36. Kant's refutation of idealism in the second edition of the Critic of the Pure Reason has been often held to be inconsistent with his main position or even to be knowingly sophistical. It appears to me to be one of the numerous passages in that work which betray an elaborated and vigorous analysis, marred in the exposition by the attempt to state the argument more abstractly and demonstratively than the thought would warrant.

In »Note 1,« Kant says that his argument beats idealism at its own game. How is that? The idealist says that all that we know immediately, that is, otherwise than inferentially, is what is present in the mind; and things out of the mind are not so present. The whole idealist position turns upon this conception of the present.

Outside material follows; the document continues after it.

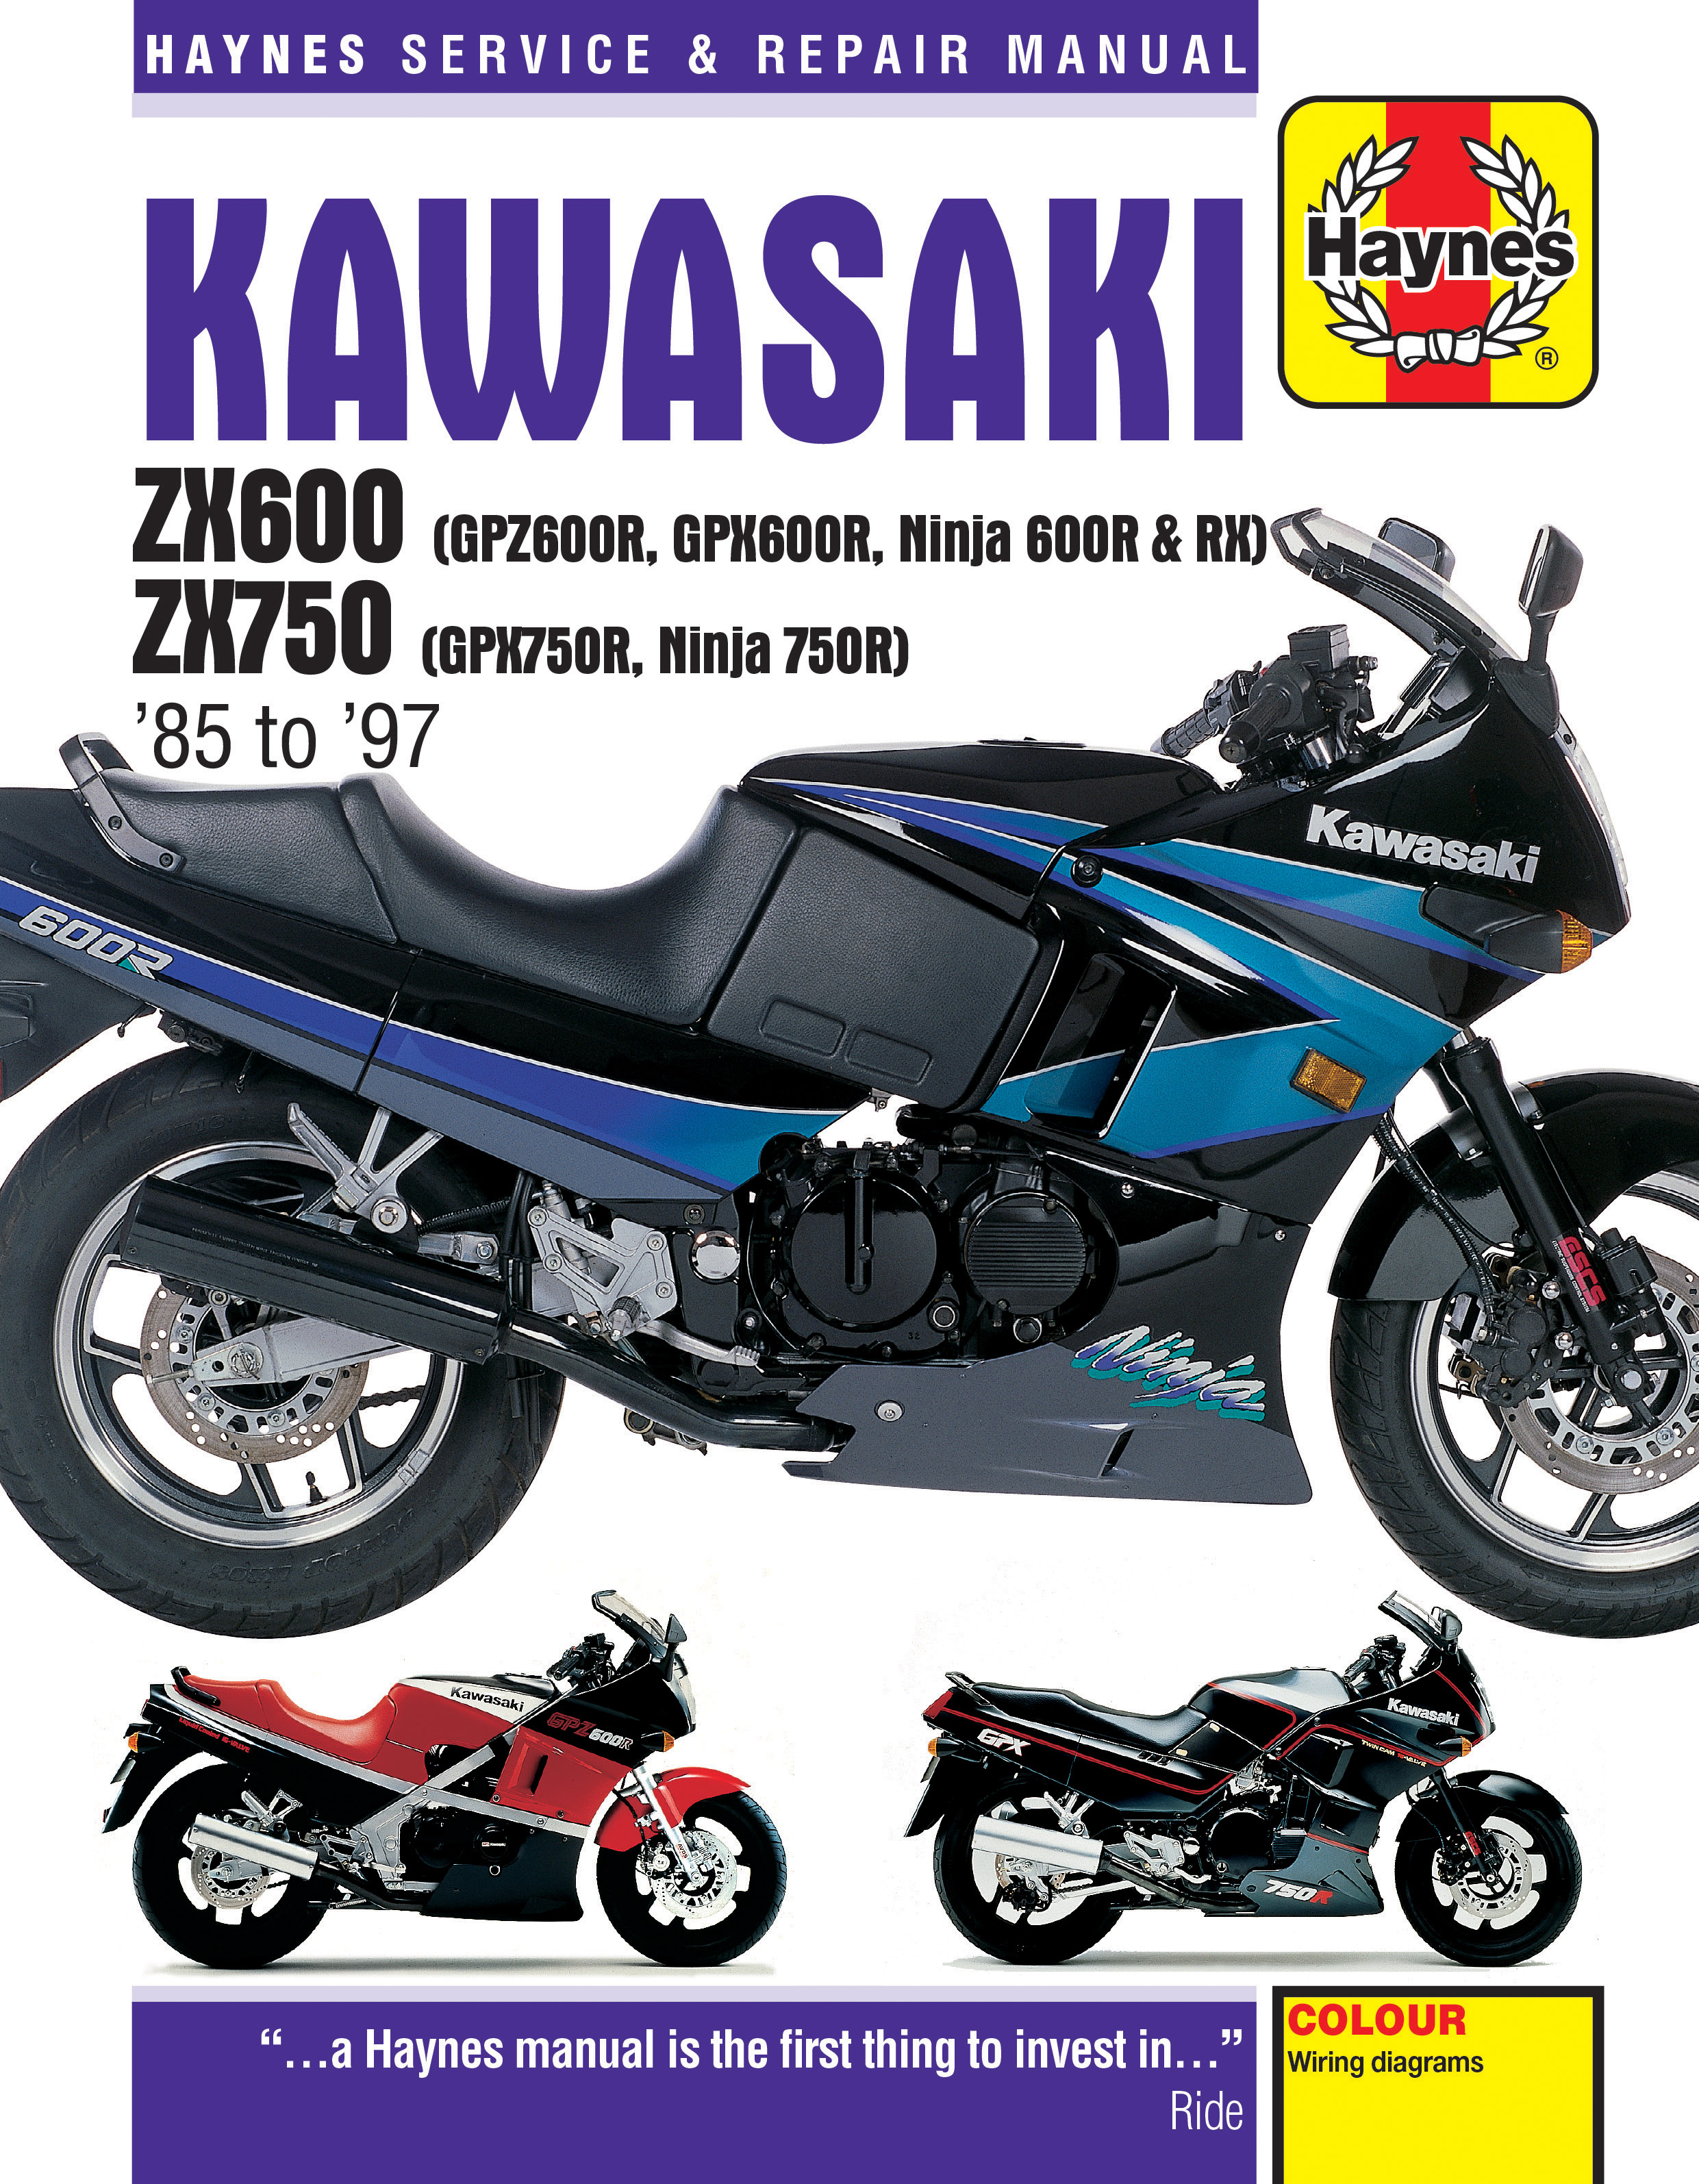 Kawasaki Ninja 600RX Haynes Manuals & Guides

37. The idealistic argument turns upon the assumption that certain things are absolutely »present,« namely what we have in mind at the moment, and that nothing else can be immediately, that is, otherwise than inferentially known. When this is once granted, the idealist has no difficulty in showing that that external existence which we cannot know immediately we cannot know, at all. Some of the arguments used for this purpose are of little value, because they only go to show that our knowledge of an external world is fallible; now there is a world of difference between fallible knowledge and no knowledge. However, I think it would have to be admitted as a matter of logic that if we have no immediate perception of a non-ego, we can have no reason to admit the supposition of an existence so contrary to all experience as that would in that case be.

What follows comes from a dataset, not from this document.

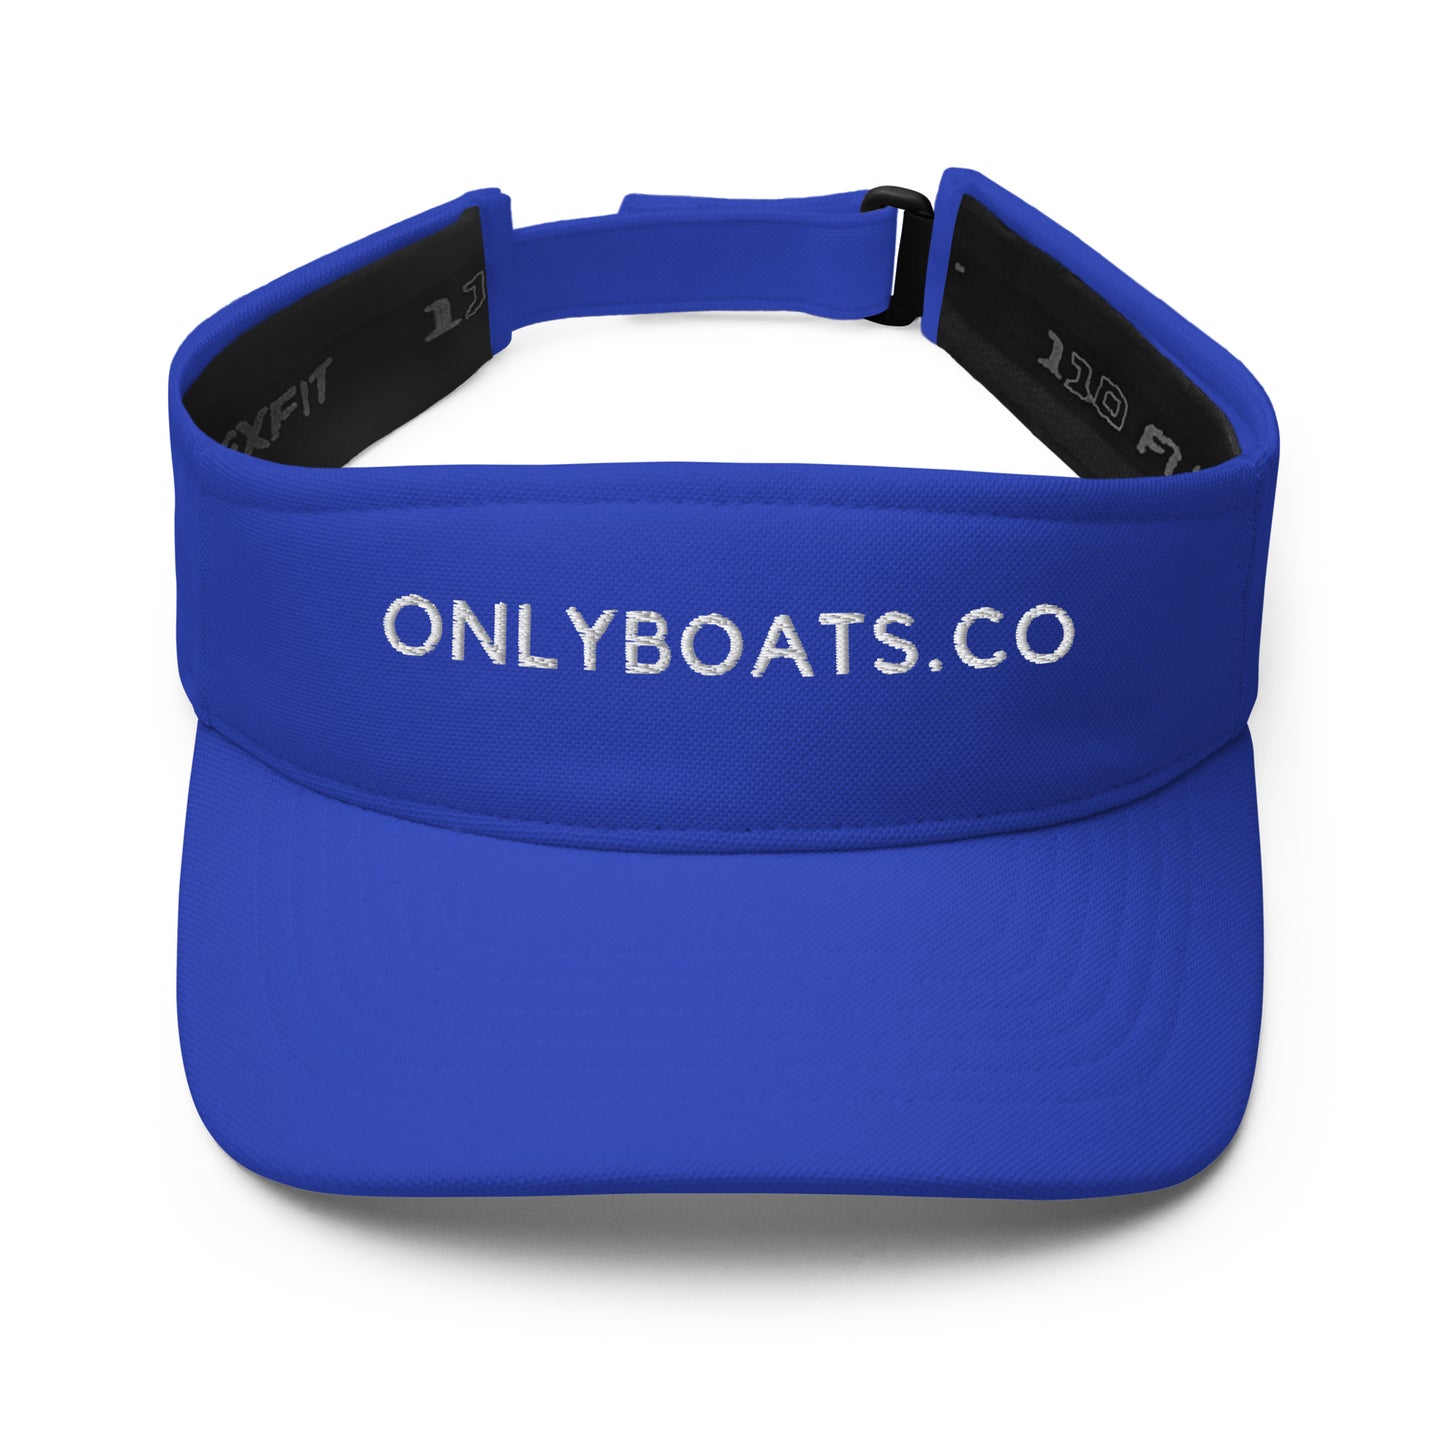 Onlyboats.co Visor

38. But what evidence is there that we can immediately know only what is »present« to the mind? The idealists generally treat this as self-evident; but, as Clifford jestingly says, »it is evident« is a phrase which only means »we do not know how to prove.« The proposition that we can immediately perceive only what is present seems to me parallel to that other vulgar prejudice that »a thing cannot act where it is not.« An opinion which can only defend itself by such a sounding phrase is pretty sure to be wrong. That a thing cannot act where it is not is plainly an induction from ordinary experience, which shows no forces except such as act through the resistance of materials, with the exception of gravity which, owing to its being the same for all bodies, does not appear in ordinary experience like a force. But further experience shows that attractions and repulsions are the universal types of forces. A thing may be said to be wherever it acts; but the notion that a particle is absolutely present in one part of space and absolutely absent from all the rest of space is devoid of all foundation. In like manner, the idea that we can immediately perceive only what is present seems to be founded on our ordinary experience that we cannot recall and reexamine the events of yesterday nor know otherwise than by inference what is to happen tomorrow. Obviously, then, the first move toward beating idealism at its own game is to remark that we apprehend our own ideas only as flowing in time, and since neither the future nor the past, however near they may be, is present, there is as much difficulty in conceiving our perception of what passes within us as in conceiving external perception. If so, replies the idealist, instead of giving up idealism we must go still further to nihilism. Kant does not notice this retort; but it is clear from his footnote that he would have said: Not so; for it is impossible we should so much as think we think in time unless we do think in time; or rather, dismissing blind impossibility, the mere imagination of time is a clear perception of the past. Hamilton1) stupidly objects to Reid's phrase »immediate memory« ; but an immediate, intuitive consciousness of time clearly exists wherever time exists. But once grant immediate knowledge in time, and what becomes of the idealist theory that we immediately know only the present? For the present can contain no time.

39. But Kant does not pursue this line of thought along the straight road to its natural result; because he is a sort of idealist himself. Namely, though not idealistic as to the substance of things, he is partially so in regard to their accidents. Accordingly, he introduces his distinction of the variable and the persistent (beharrlich), and seeks to show that the only way we can apprehend our own flow of ideas, binding them together as a connected flow, is by attaching them to an immediately perceived persistent externality. He refuses to inquire how that immediate external consciousness is possible, though such an inquiry might have probed the foundations of his system.